_Source information_:
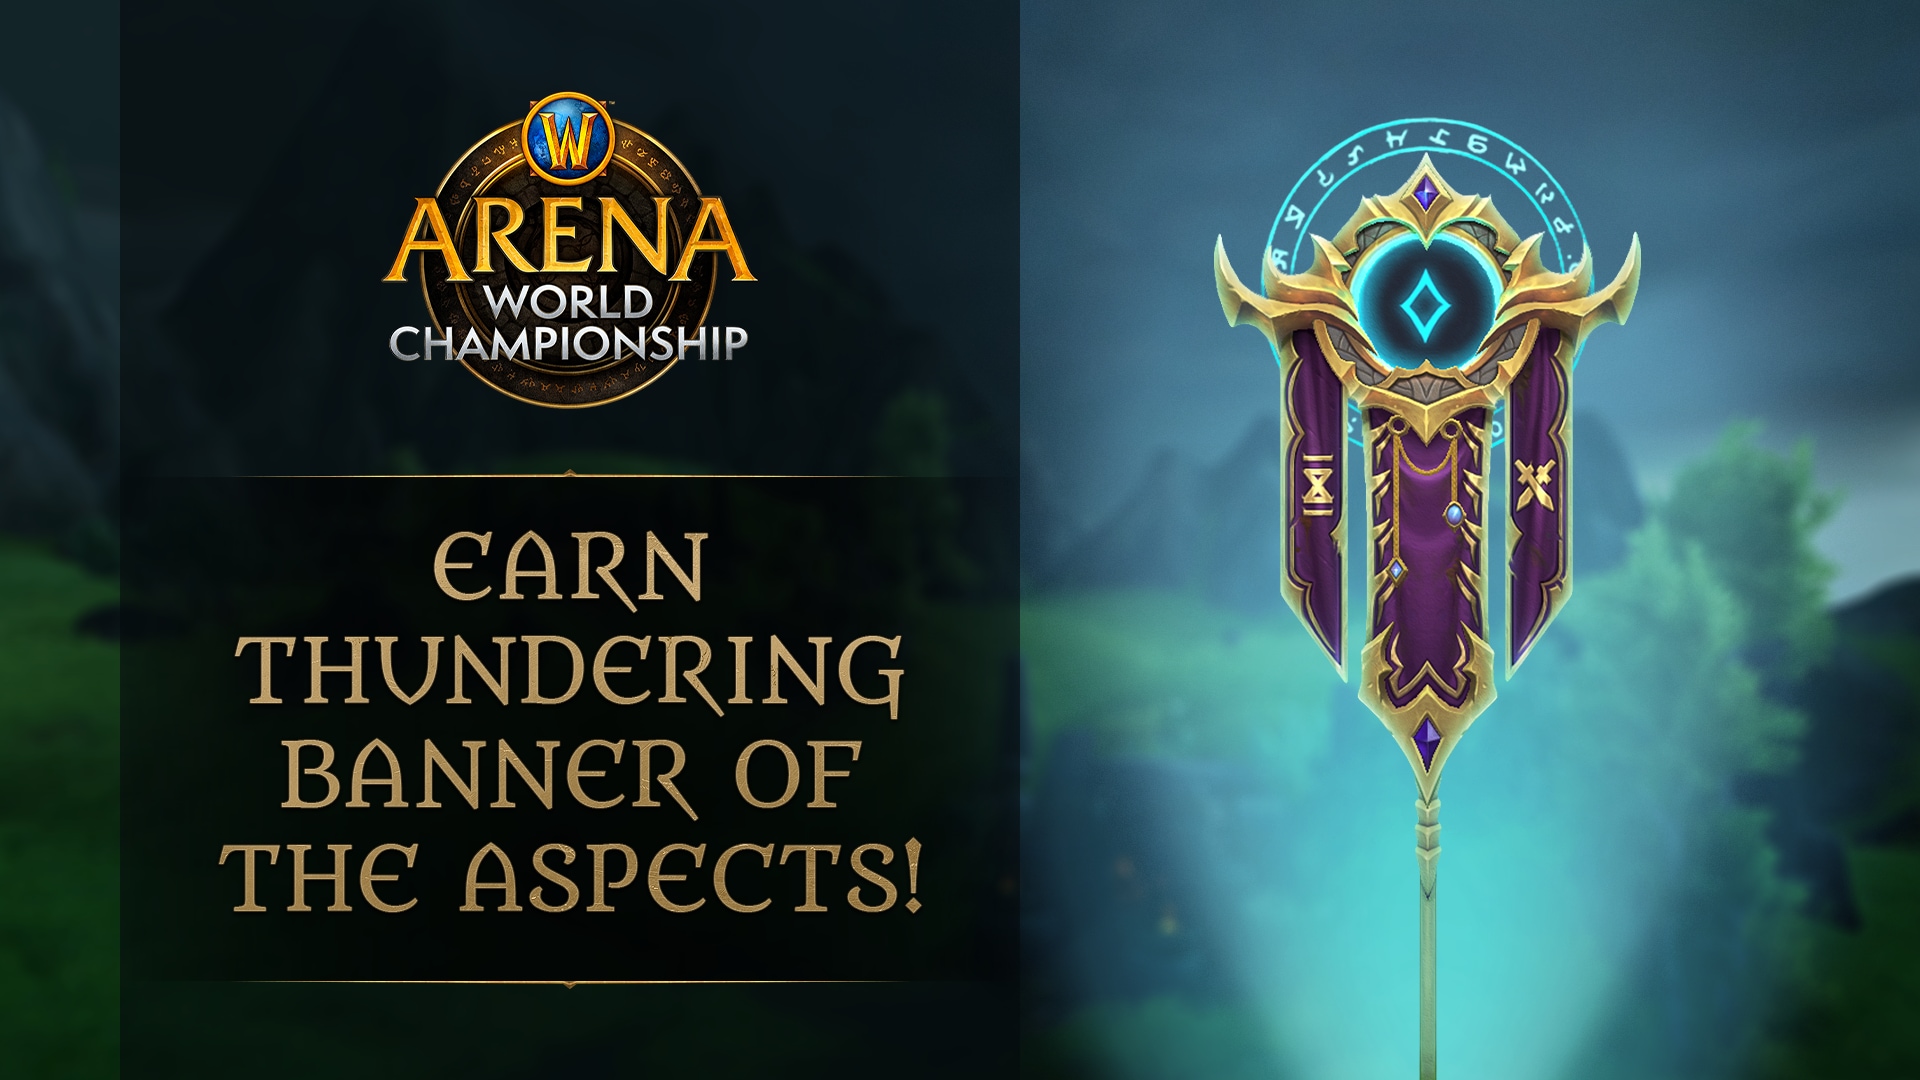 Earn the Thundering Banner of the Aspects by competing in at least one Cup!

==

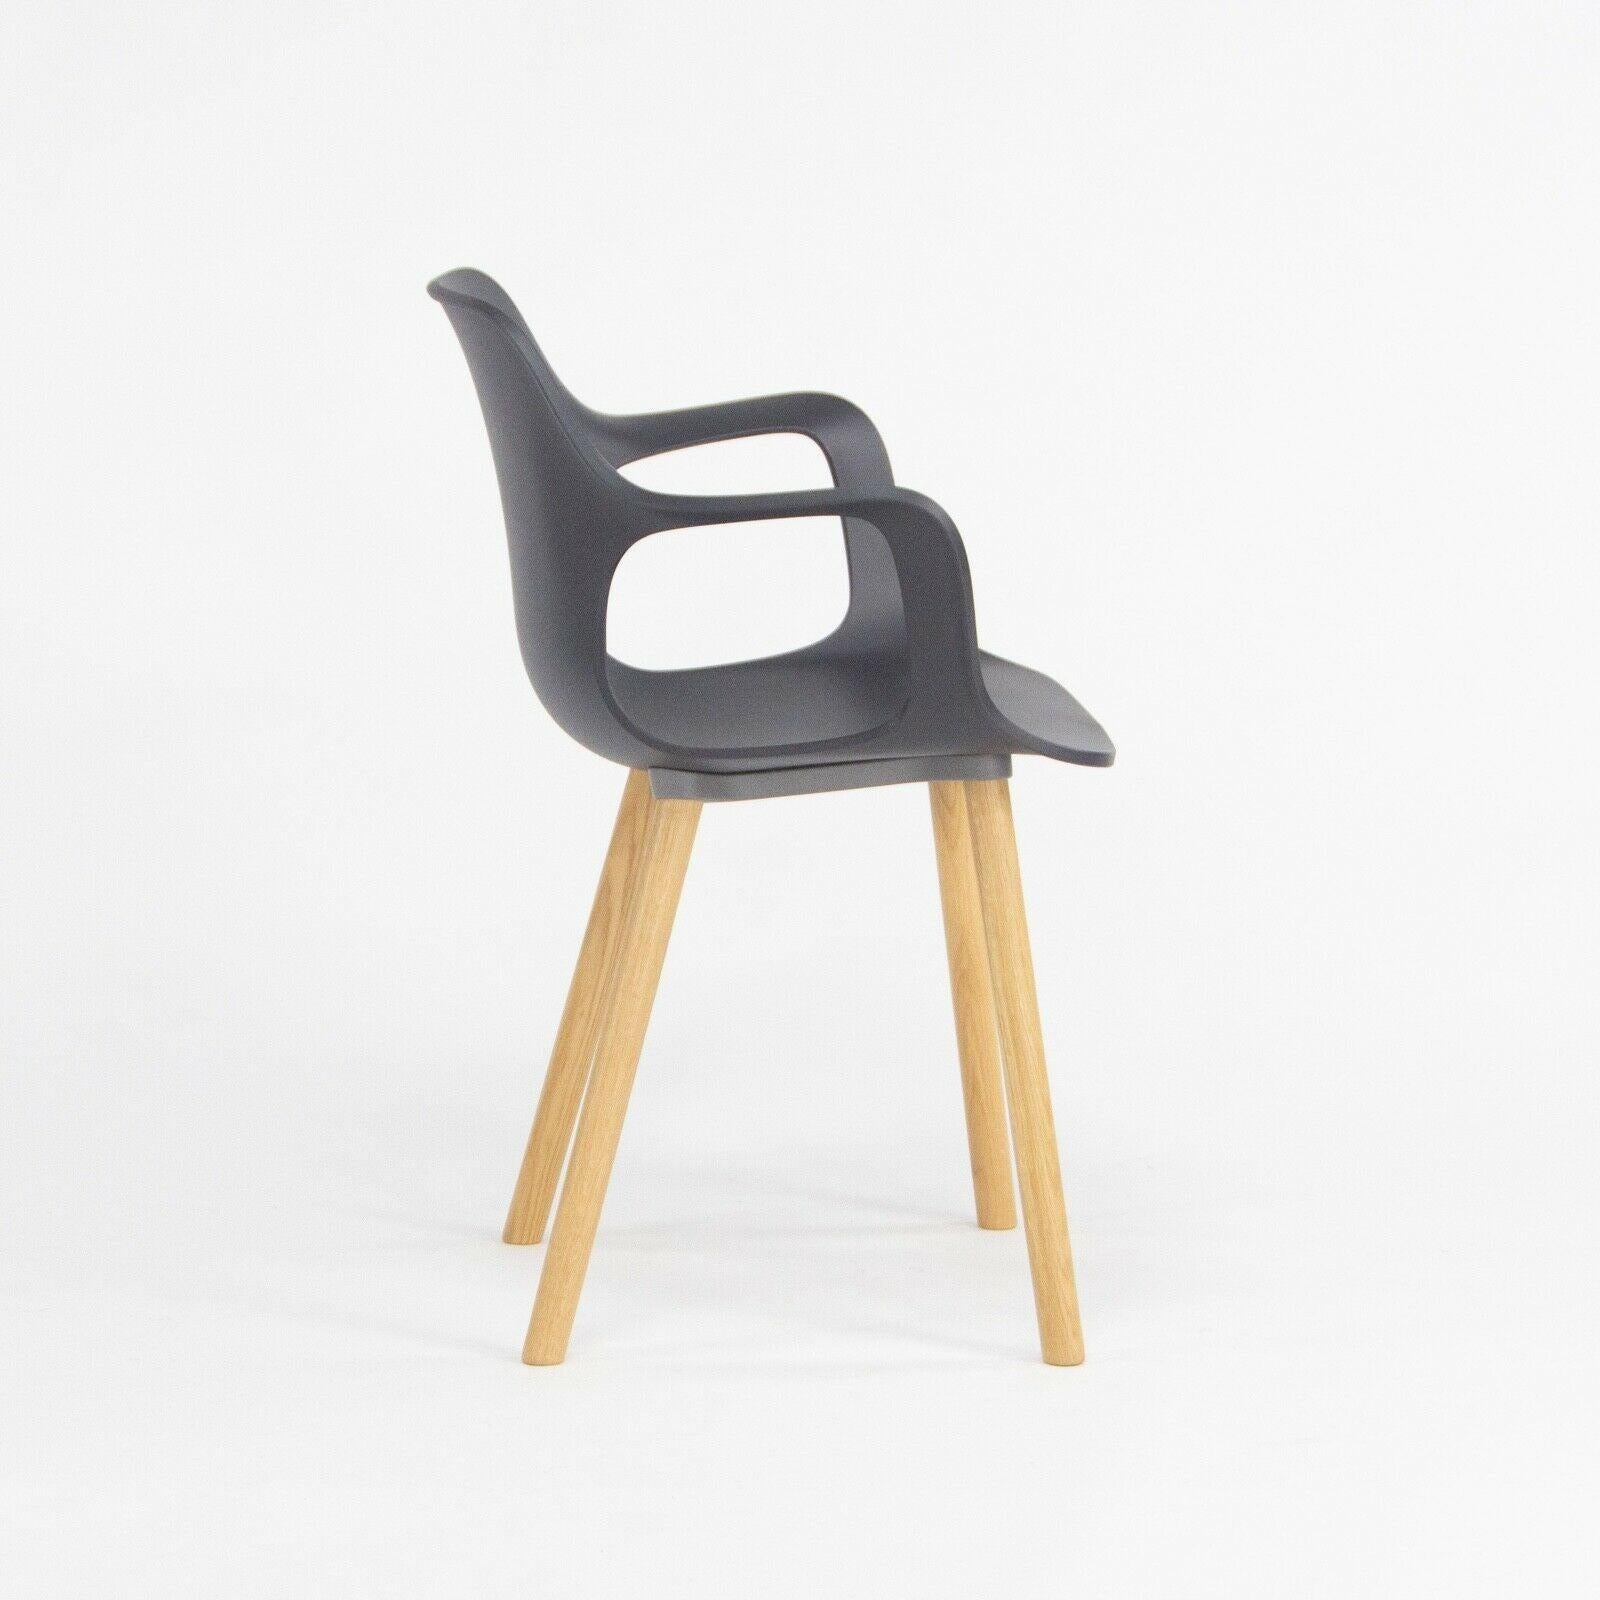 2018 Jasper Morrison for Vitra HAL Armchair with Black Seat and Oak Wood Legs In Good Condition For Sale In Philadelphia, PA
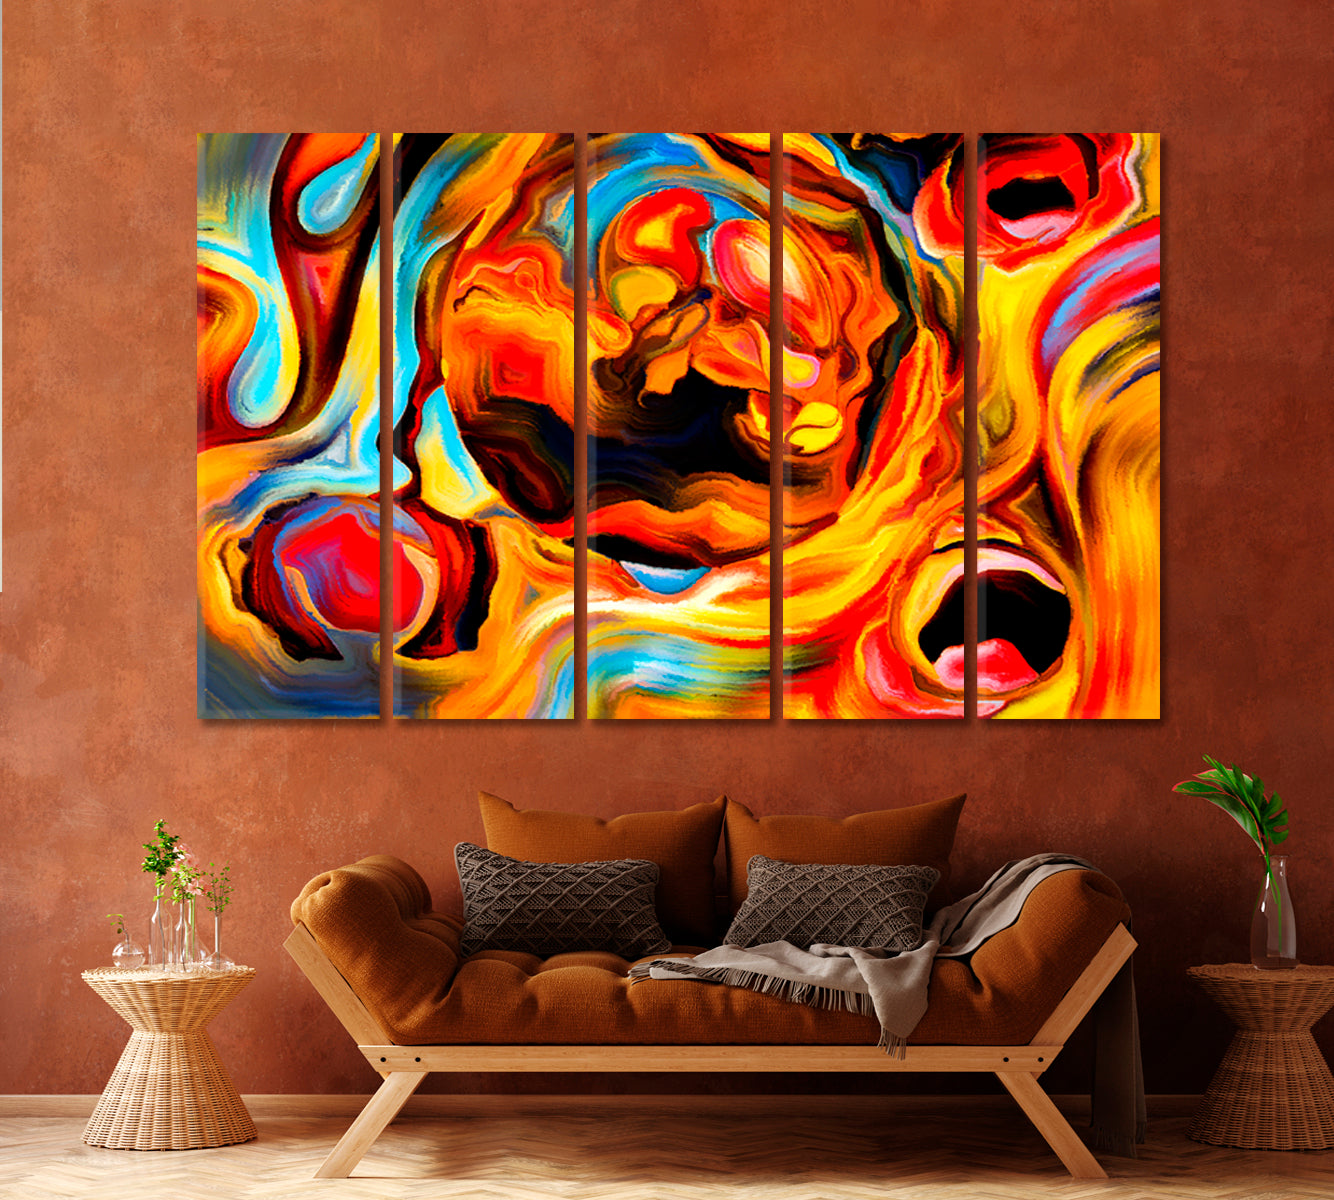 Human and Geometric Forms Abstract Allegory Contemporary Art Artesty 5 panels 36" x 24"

_Work instruction_:
Leaving pictures out, output the lines of the data above from the one with "2018 Jasper Morrison" through the one with "Human and Geometric", word for word.

_Expected output_:
 2018 Jasper Morrison for Vitra HAL Armchair with Black Seat and Oak Wood Legs In Good Condition For Sale In Philadelphia, PA
 Human and Geometric Forms Abstract Allegory Contemporary Art Artesty 5 panels 36" x 24"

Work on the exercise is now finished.